About this task:
Your answer should consist of each line below that contains the string "Totally".

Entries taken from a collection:
+ + + + + + +
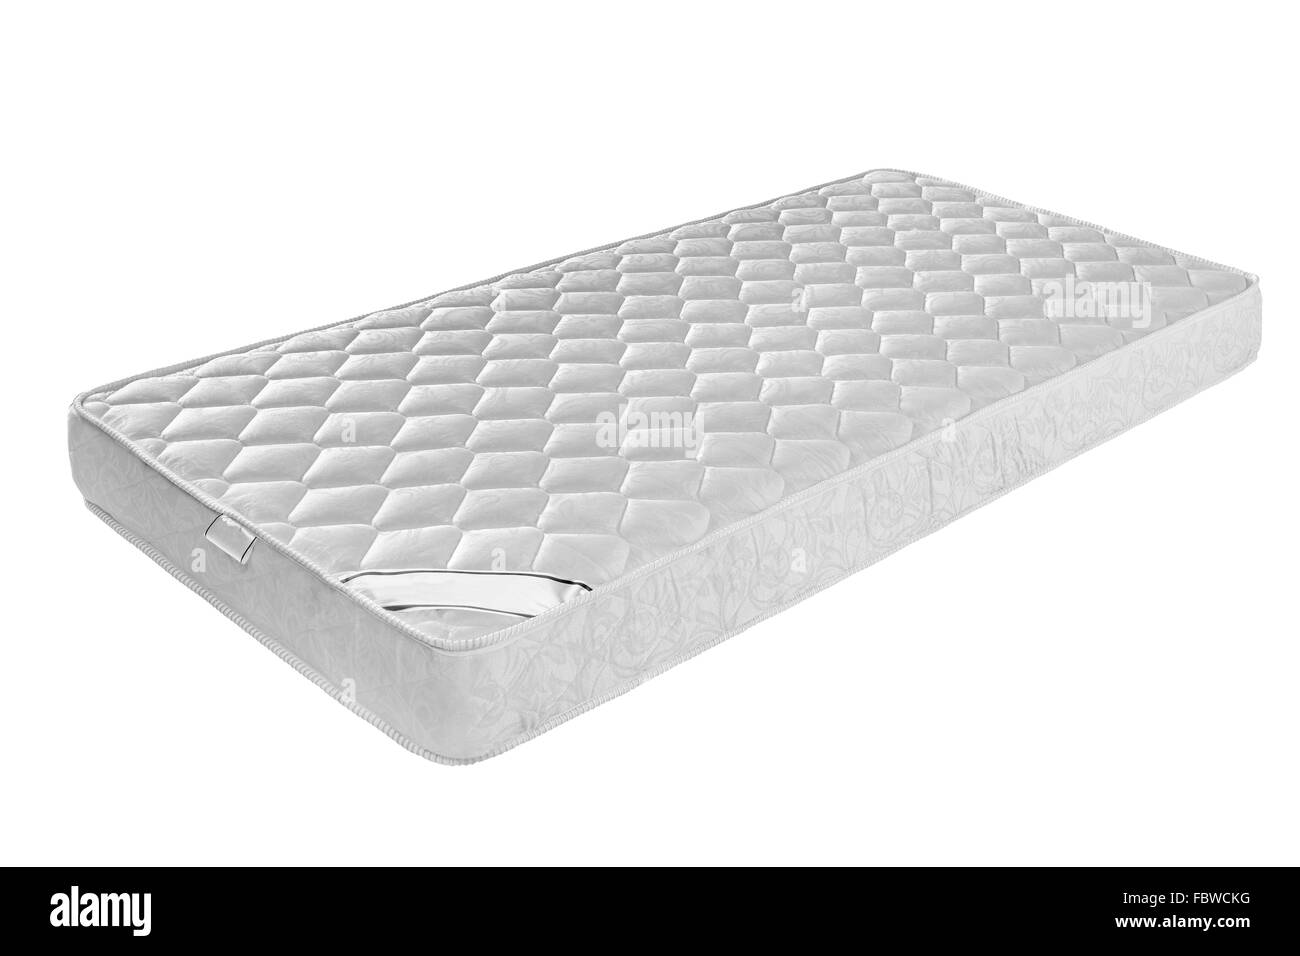 Mattress that supported you to sleep well all night isolated on white background Stock Photo
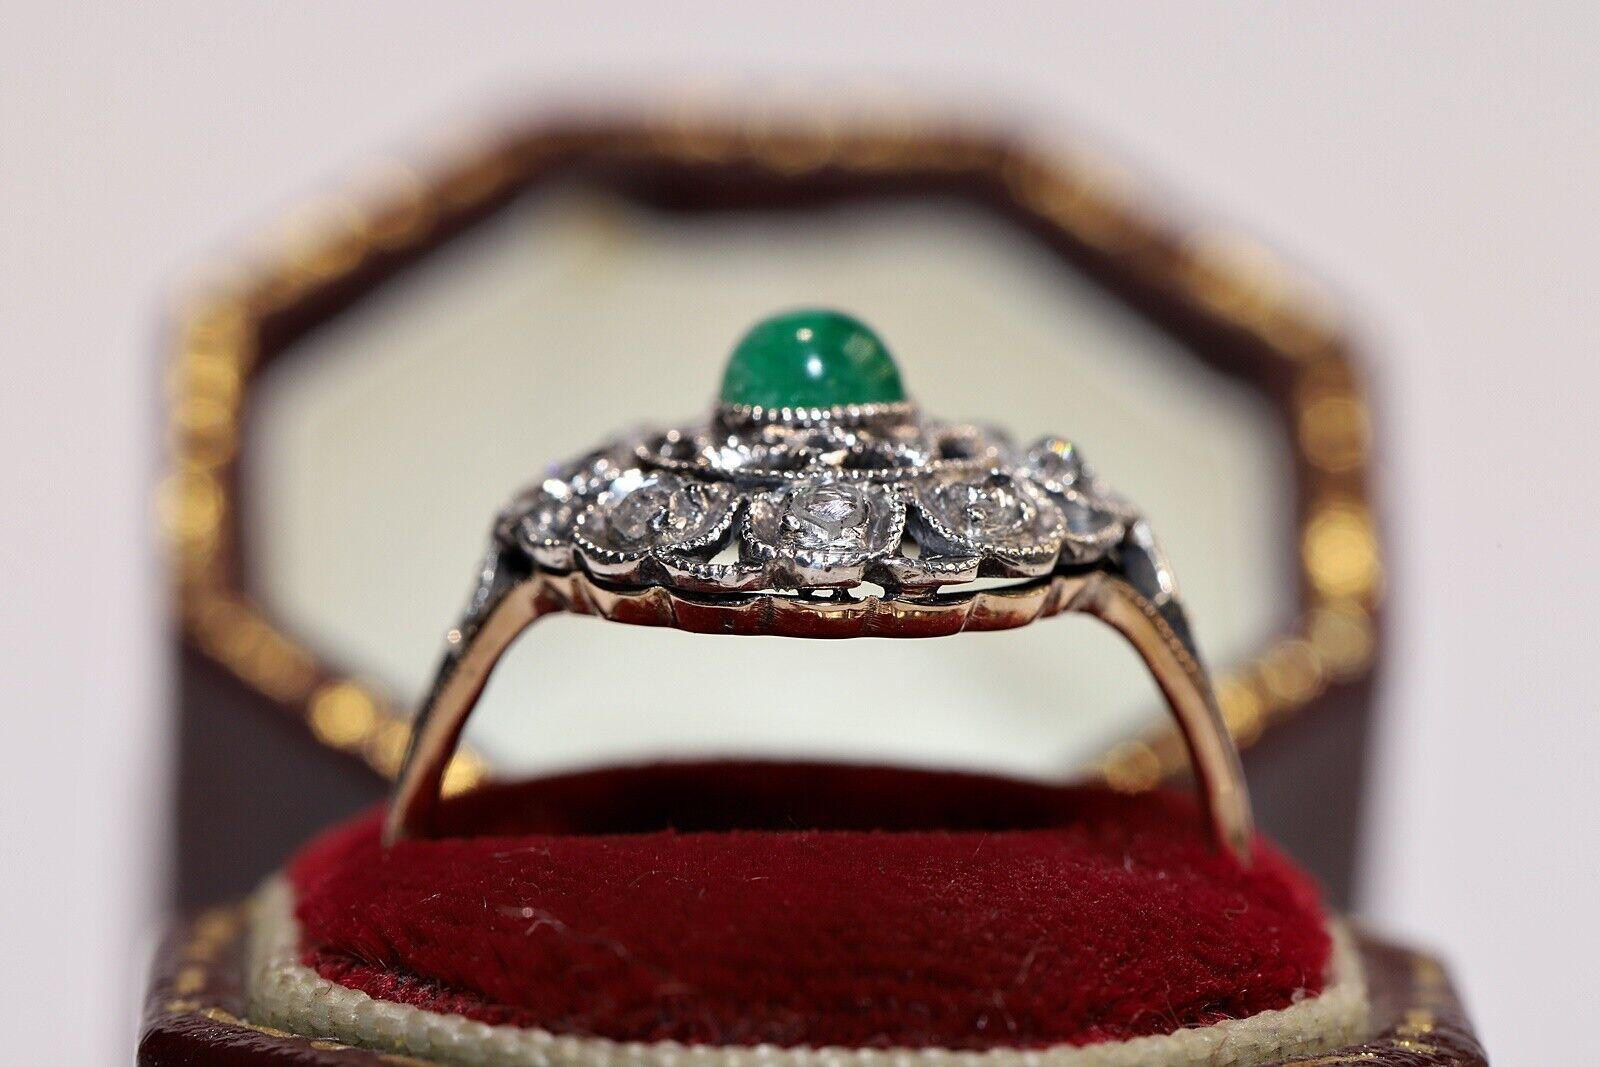 In very good condition.
Total weight is 2.4 grams.
Totally is diamond 0.35 carat.
The diamond is has H-I color and vs-s1clarity.
Totally is emerald 0.43 carat.
Ring size is US 6.4 (We offer free resizing)
We can make any size.
Acid tested to be 14k
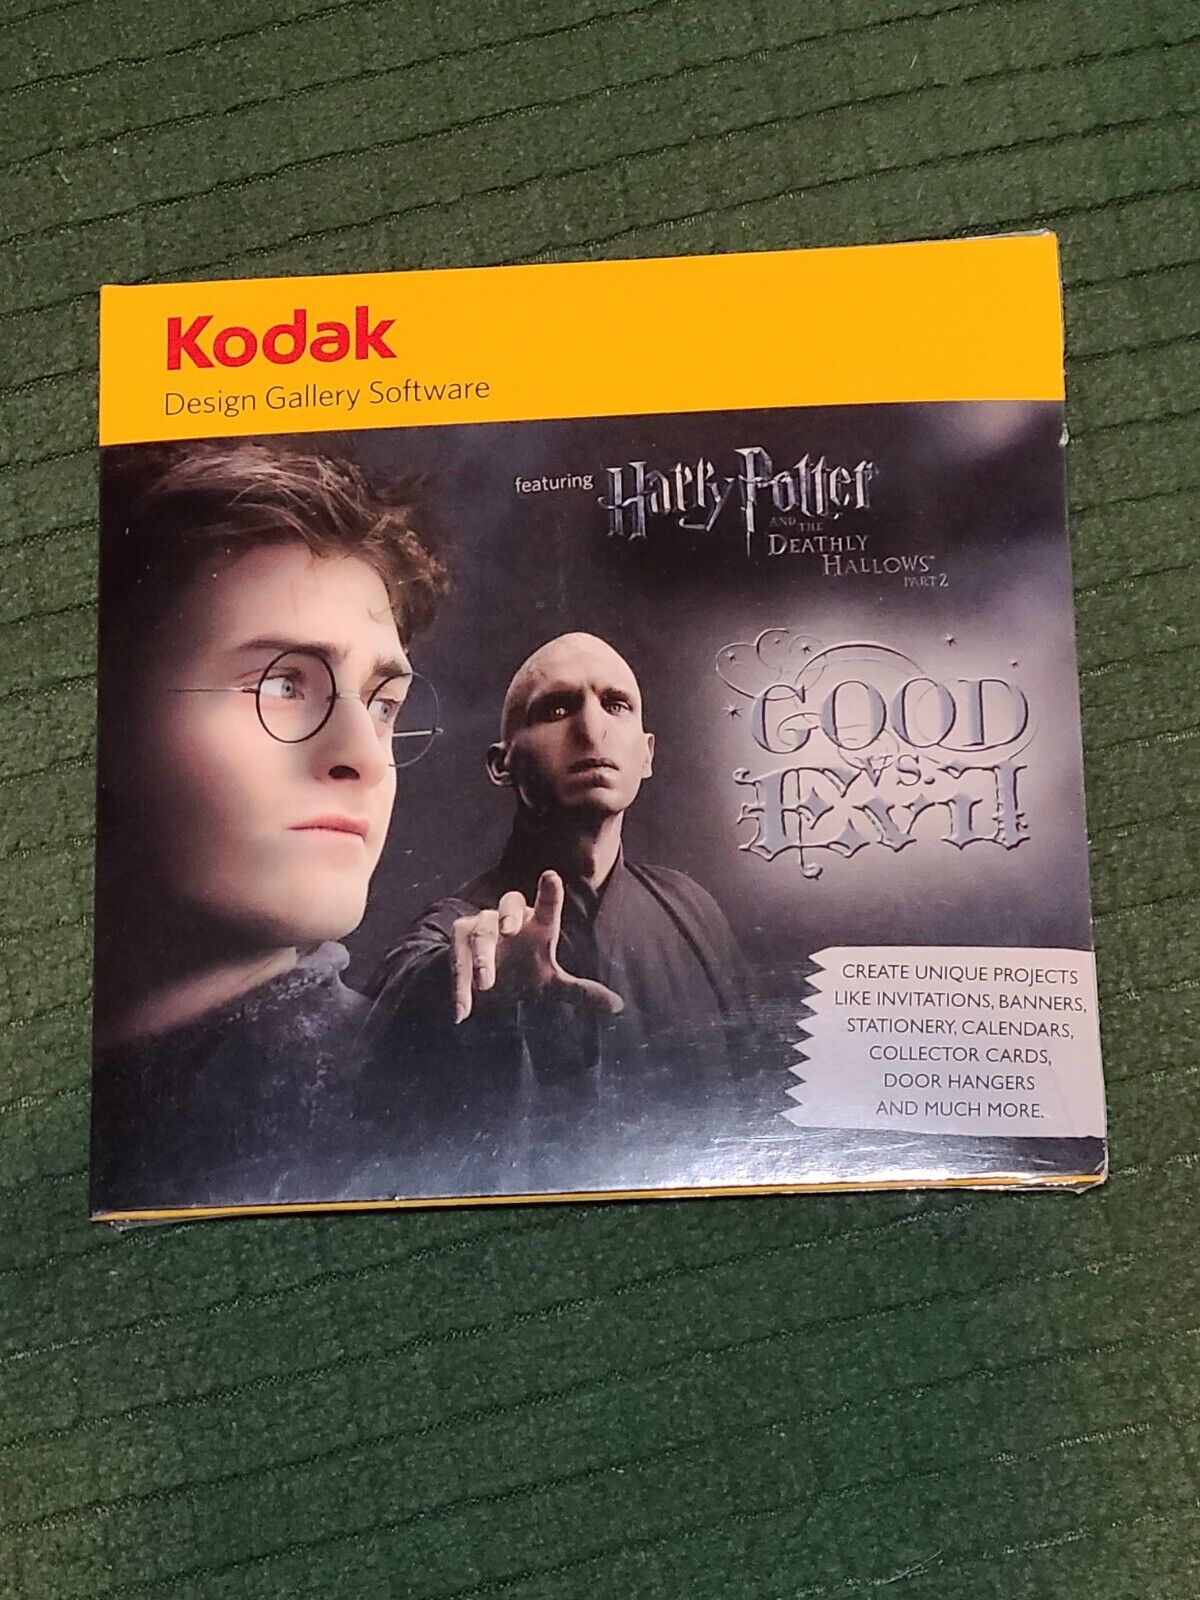 Kodak Design Gallery Software: Harry Potter and the Deathly Hallows 2011
+ + + + + + +
Task response:
Totally is diamond 0.35 carat.
Totally is emerald 0.43 carat.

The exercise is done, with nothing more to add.